For some reason I am reminded here of the examples given for relativistic spacecraft - the ones that go 'you are traveling at 99.99999% the speed of light, then you hit the boosters, so you should be going faster than light.' 

To me, this...debate...appears to be of the same nature.


Offline TheTraveller

Quote
Let's change the question up a bit.  After Stage 1 has been powered for long enough that it's maximum delta-v has been achieved, turn it off.  Don't detach it this time.  Your spaceship, made of the two identical emdrive stages, is now floating through space at delta-v plus whatever initially velocity it had.  Let's say that the spaceship is in deep space, negligible gravity.  In this inertial frame, the spaceship has no way of "knowing" whether it is moving or standing still.  How does Stage 2 "know" it is currently moving at it's limiting velocity, without invoking a preferred frame? ...

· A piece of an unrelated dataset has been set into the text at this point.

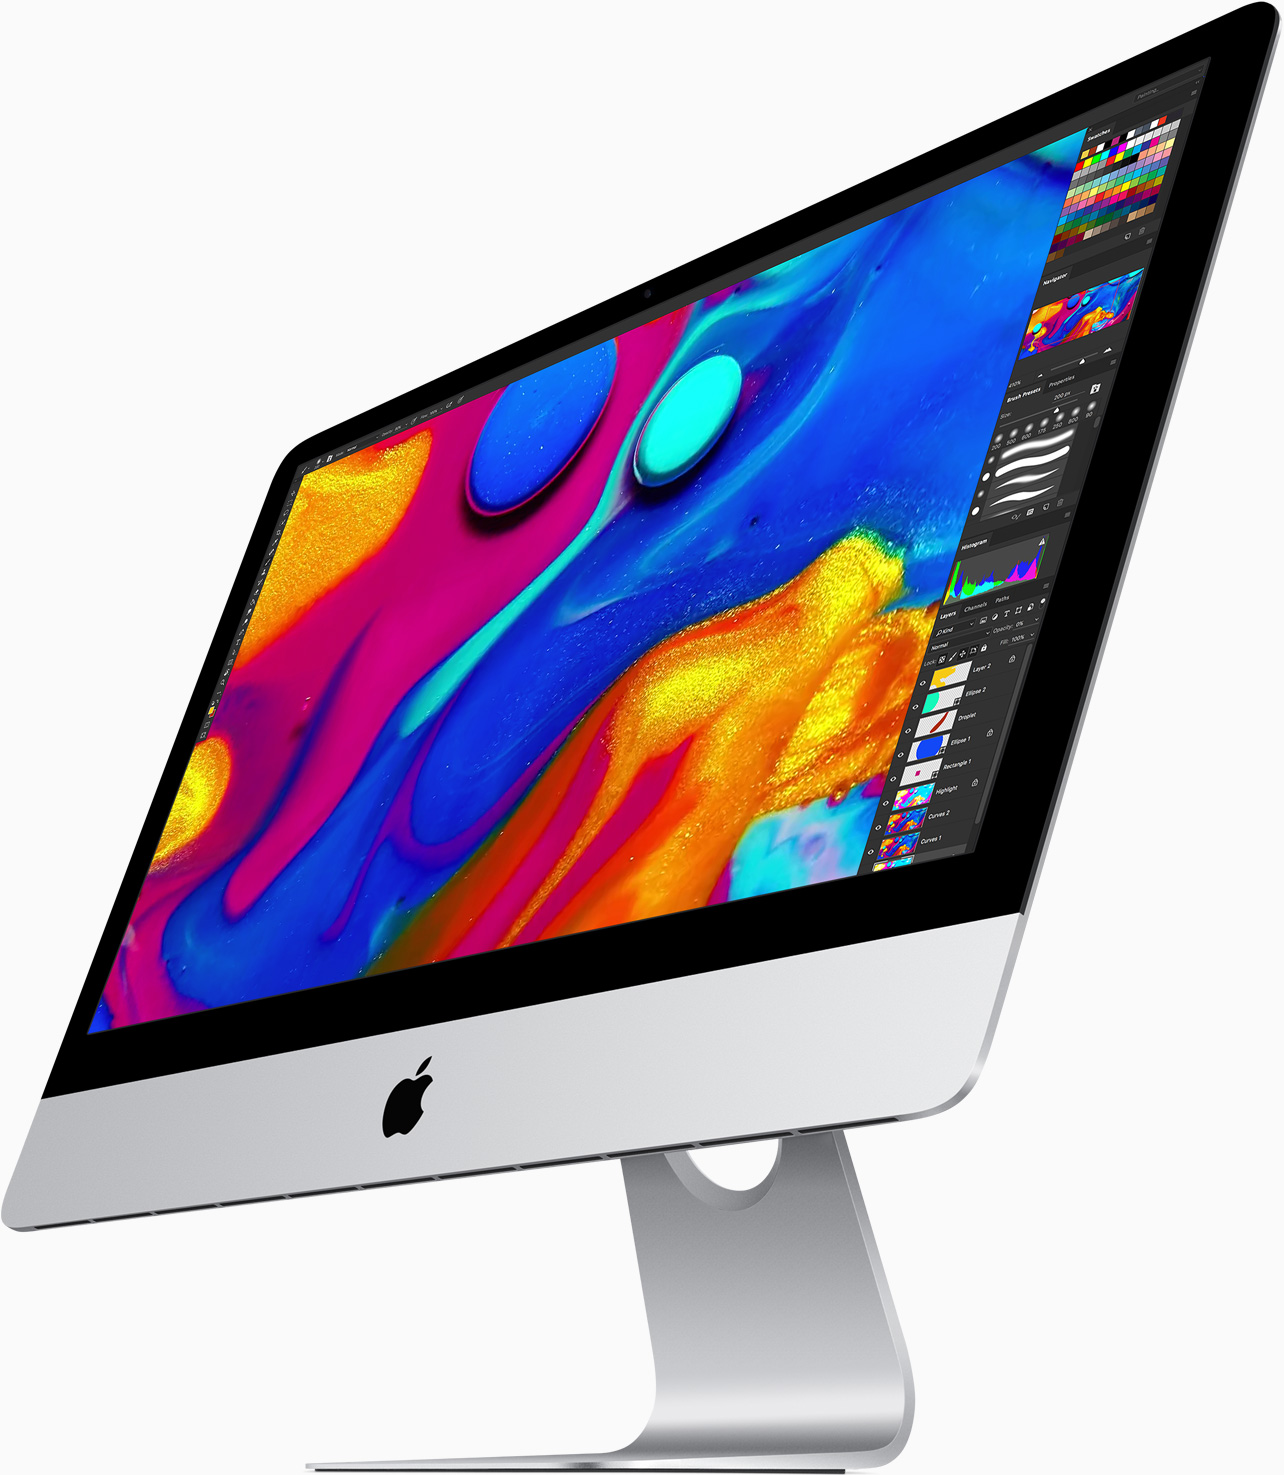 Immagine pubblicata in relazione al seguente contenuto: I Mac potrebbero utilizzare CPU progettate da Apple a partire dal 2020 | Nome immagine: news28092_Apple-iMac_1.jpg

For some reason I am reminded here of the examples given for relativistic spacecraft - the ones that go 'you are traveling at 99.99999% the speed of light, then you hit the boosters, so you should be going faster than light.' 

To me, this...debate...appears to be of the same nature.

Inside the EMDrive is an antenna, which is attached to the side wall and moves as the EMDrive moves. The internal wave propagation is more complex that there just being a standing wave. The small vertical line in the centre of the attached frustum drawing is a 1/4 wave stub antenna radiating Rf energy toward both end plates.
« Last Edit: 06/06/2015 11:50 PM by TheTraveller »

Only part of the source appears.